======== Collected material

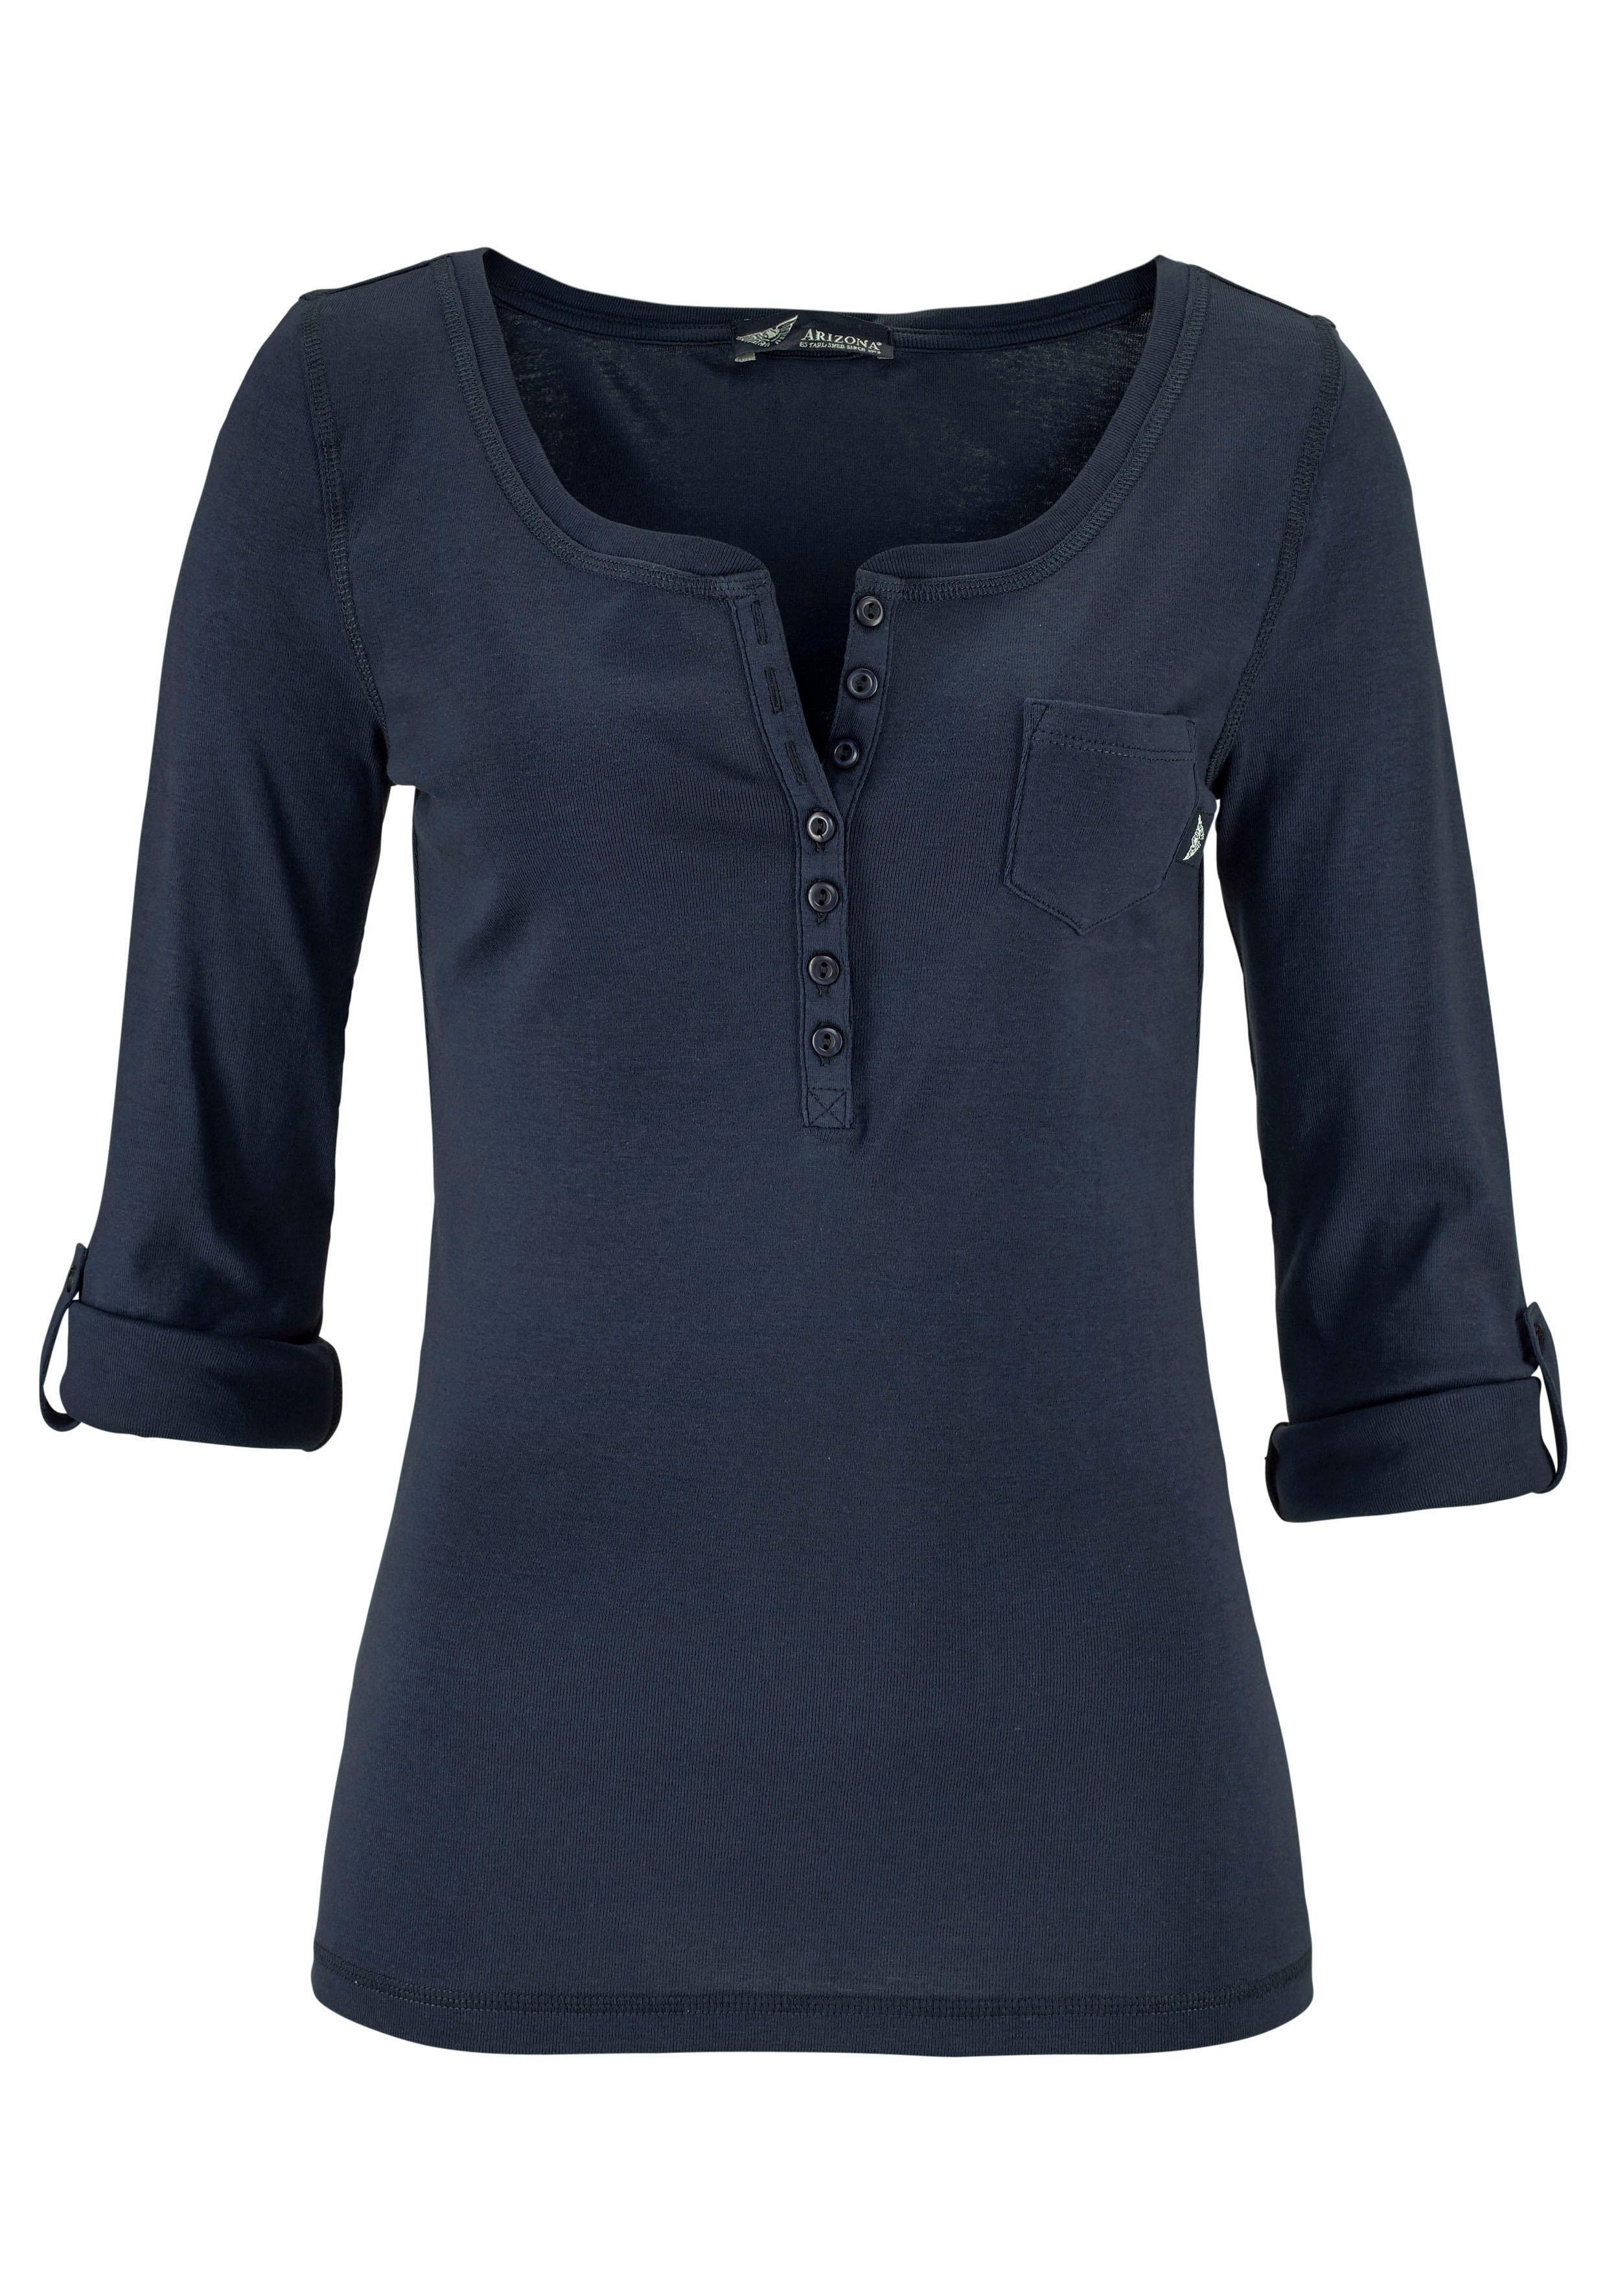 244b0361cc2248 ARIZONA Shirt met lange mouwen en knoopsluiting nu online kopen | OTTO
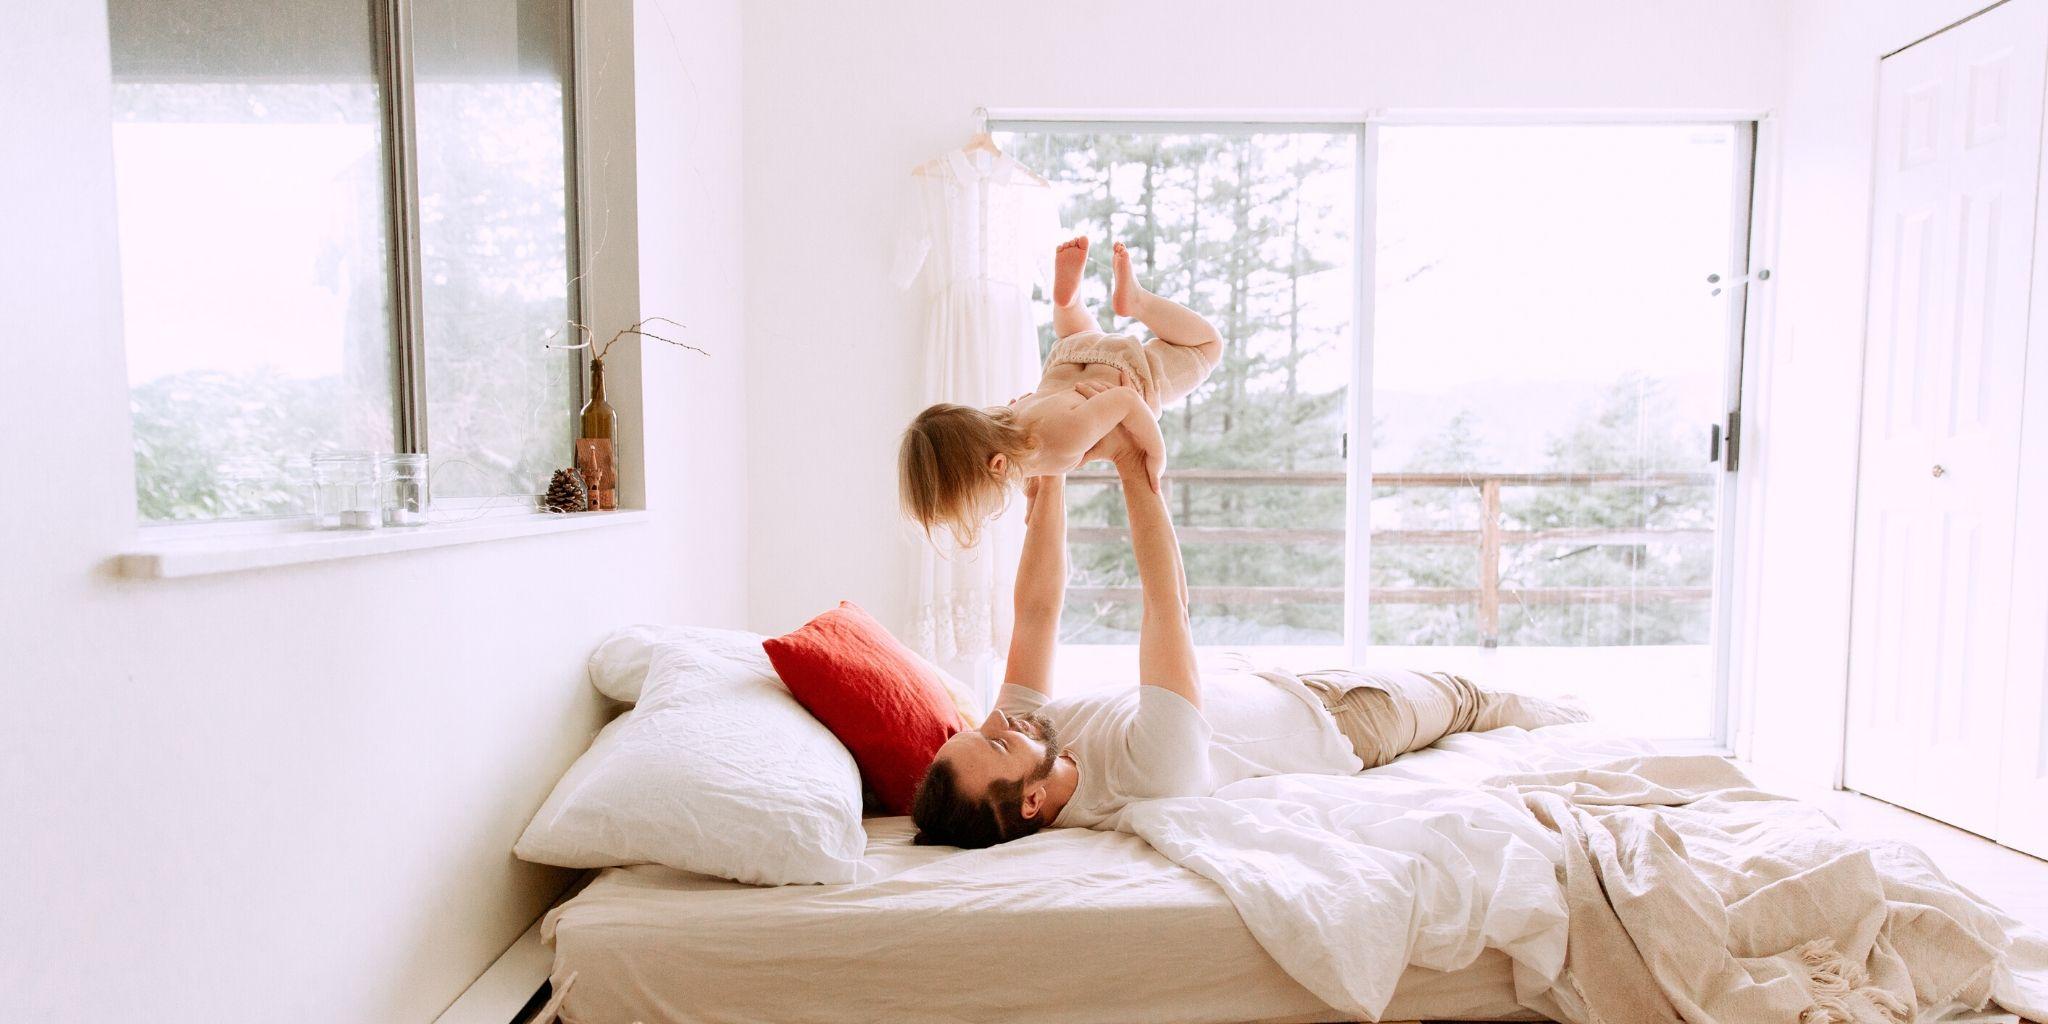 30 spaßige Aktivitäten für zu Hause
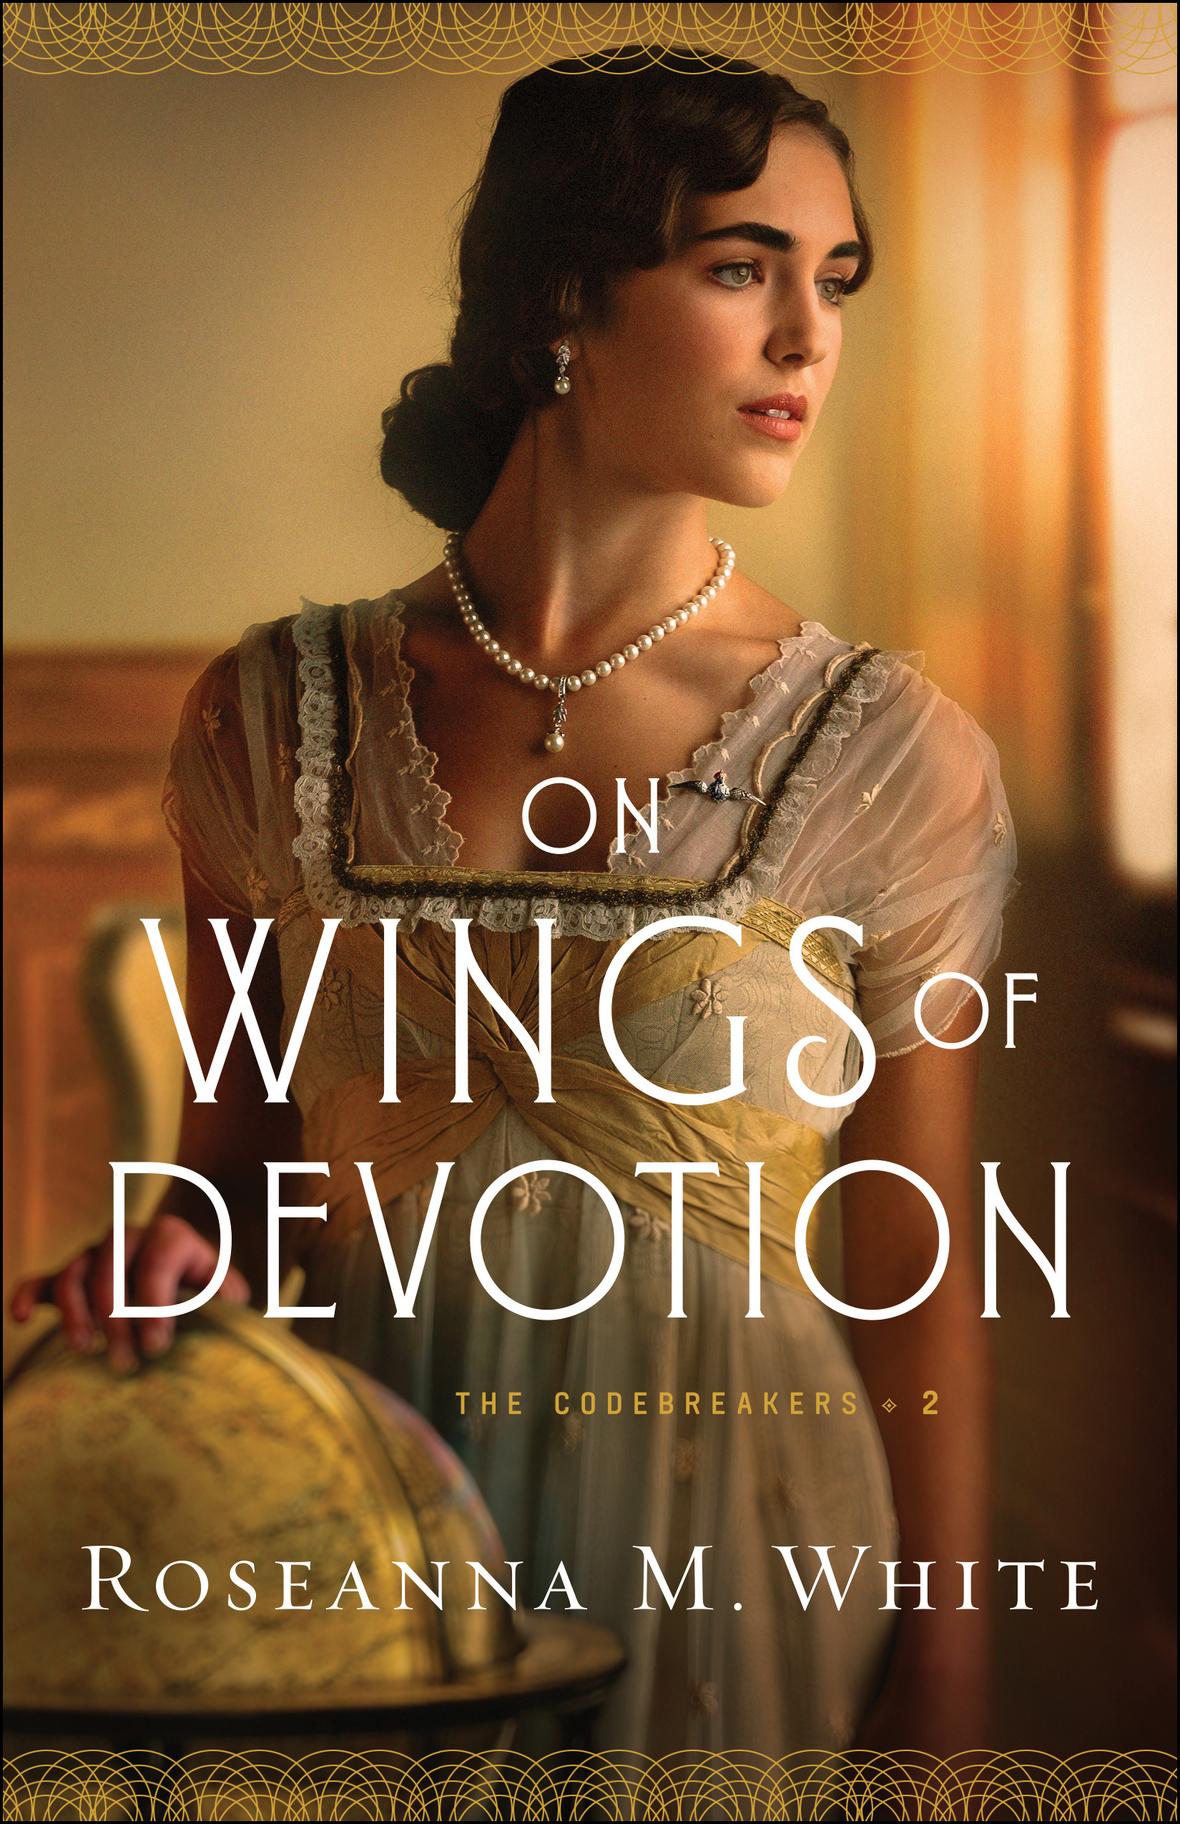 On Wings of Devotion - FINAL

================

Instructions for the task
Copy the listing exactly, omitting pictures.

Exercise output
 244b0361cc2248 ARIZONA Shirt met lange mouwen en knoopsluiting nu online kopen | OTTO
 30 spaßige Aktivitäten für zu Hause
 On Wings of Devotion - FINAL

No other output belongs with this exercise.